The “sun’ of God

Christmas wasn’t always the momentous occasion that it is in our time.

WAG Weekly comes to you early this week – and next – so our beloved Waggers can enjoy the holidays safely with their loved ones. Dec. 25, a Friday this year, marks, of course, the birth of Jesus, whom Christians worship as the son of God. But Christmas wasn’t always the momentous occasion that it is in our time.

There are really two Christmases – the secular holiday that everyone savors to some extent and that we really need a little of in our Covid year. That holiday – with its trees, Santa Clauses, “Nutcrackers,” “Messiahs,” Scrooges, shopping frenzy, parties, decorations and seemingly endless soundtrack of carols and other songs – owes itself to such 19th-century luminaries as Tarrytown’s Washington Irving, Charles Dickens and Prince Albert.

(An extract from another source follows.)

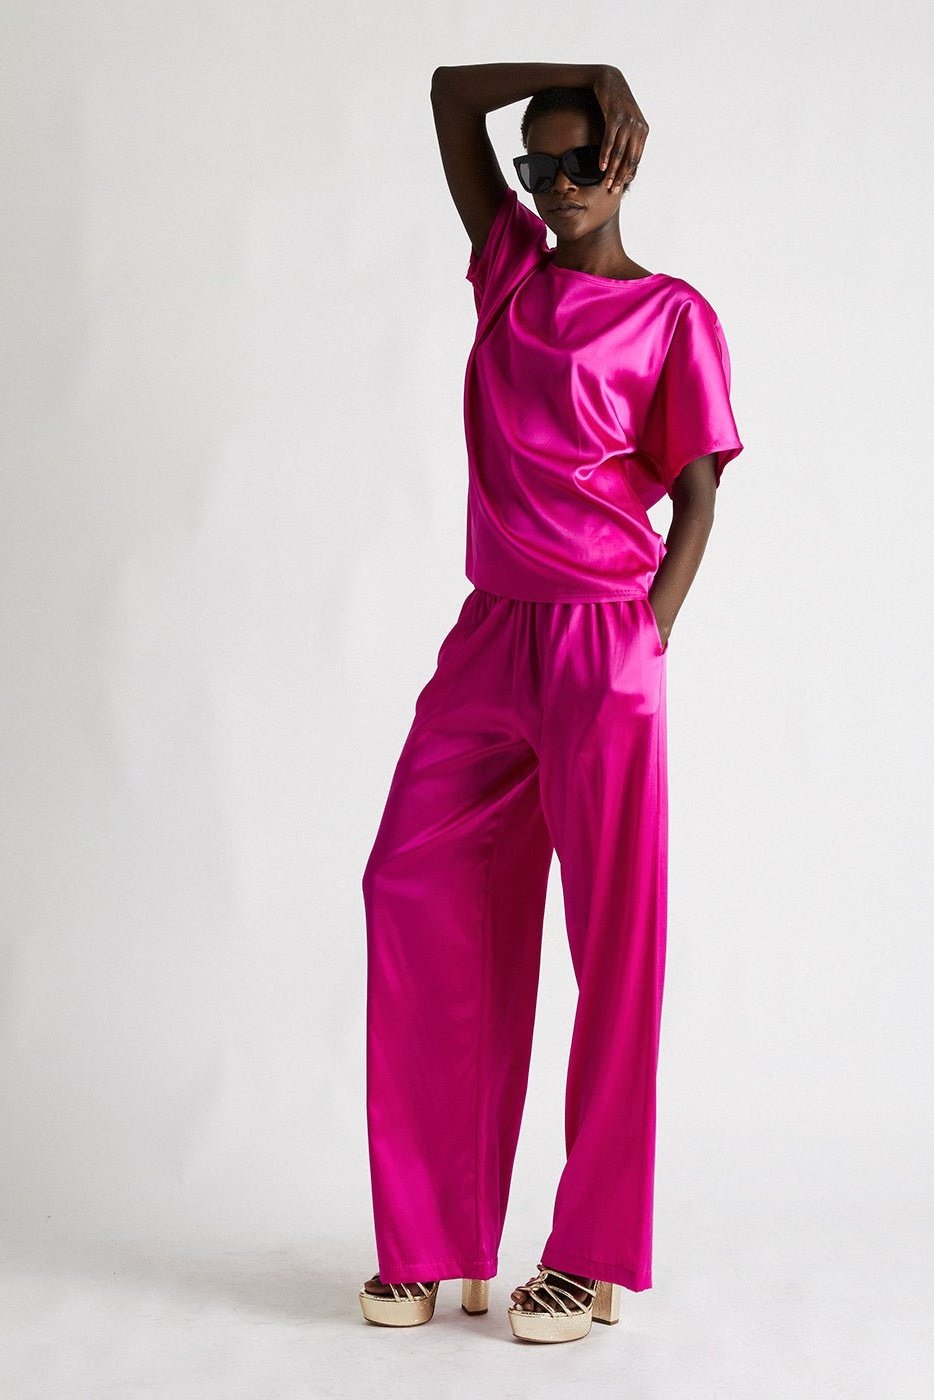 +Beryll Silk Shirt Erica | Hot Pink - +Beryll Silk Shirt Erica | Hot Pink - +Beryll Worn By Good People

But the religious Christmas that celebrates Baby Jesus – that’s a little trickier. The early Christians did not commemorate birthdays nor did they mark the Roman winter solstice, Dec. 25, which they considered to be a pagan occasion. Some thought Jesus to be born in the spring and, at any rate, viewed his revelation to the world on the Epiphany, Jan. 6, as the key date.

Nonetheless, Christmas was celebrated on Dec. 25 as early as 336 in Rome. Later that century, the brilliant theologian St. Augustine connected the Nativity-winter solstice dots for us:

“Hence it is that he was born on the day which is the shortest in our earthly reckoning and from which subsequent days begin to increase in length. He, therefore, who bent low and lifted us up, chose the shortest day, yet the one whence light begins to increase.”[

Interestingly, Christians remember the nativity of John the Baptist, Jesus’ cousin and the prophet who immediately precedes him, on June 24, which would’ve been the Roman summer solstice, after which the days get shorter. Or as John himself observes in the Christian Gospels, “he must increase but I must decrease.”

Light and dark: We have had too much of one this year and not enough of the other. But as we explore in December WAG’s opening essay, the darkness gives shape to the light. May the light touch and fill everyone this season. And may you and all you love have a very Merry Christmas.